# Lack of teeth on lower jaw?



## Marlene (May 14, 2010)

Well, we were watching our B&W eat and Johnny noticed that it looked like it doesn't have any teeth on it's lower jaw. It's still a young tegu, only about a foot long, no green on the head and has a lot of scars and/or burns on its head. The upper jaw seems to have all of its teeth. Are the teeth in the lower jaw just harder to see, could it be that those teeth haven't grown in yet, or could it be that it's starting to lose some baby teeth really early (if they even drop their baby teeth)?

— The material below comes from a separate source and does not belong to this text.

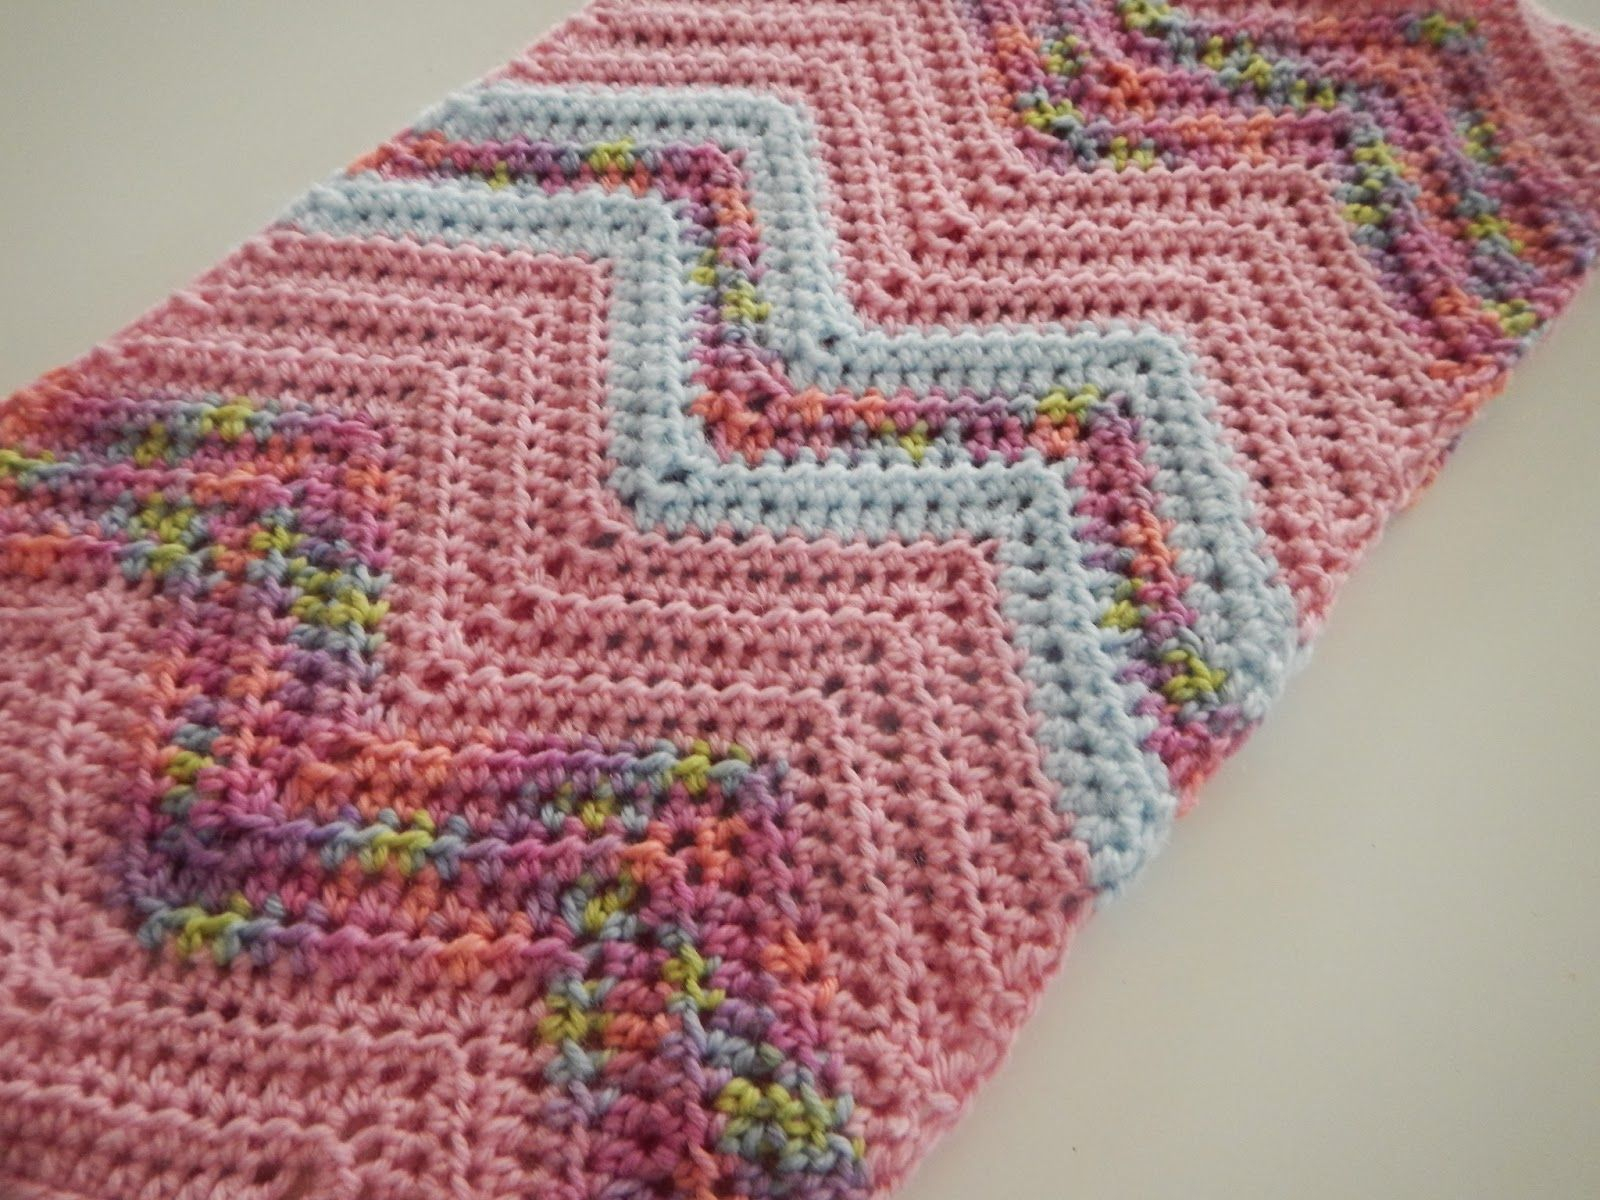 Chevron Crochet Pattern Scarf Apple Blossom Dreams Chevron Infinity Scarf In Hdc Pattern And

I haven't pried its mouth open to really look or take photos, but I watched it eat every single cricket and stared at its lower jaw the entire time.


----------



## White_Lotus (May 14, 2010)

hmmmm thats really weird i know all 3 of my tegus have teeth on the top and bottom(because i have been bitten lol) but only on my larger tegus you can see the lower jaw's teeth.


----------



## Marlene (May 14, 2010)

Next time she wakes up I'll have to open up her mouth and take a look. I know I can see both sets of teeth on my Colombian, so maybe it's an Argentine thing? Or Johnny and I are just blind... I know I almost am! lol


----------



## White_Lotus (May 15, 2010)

it may be an argentine thing i can only see my youngest(2ft long) tegu's bottom tegu when he's first reaching for a rat straight from the tongs. I don't think your blind i think those teeth are just teeny tiny


----------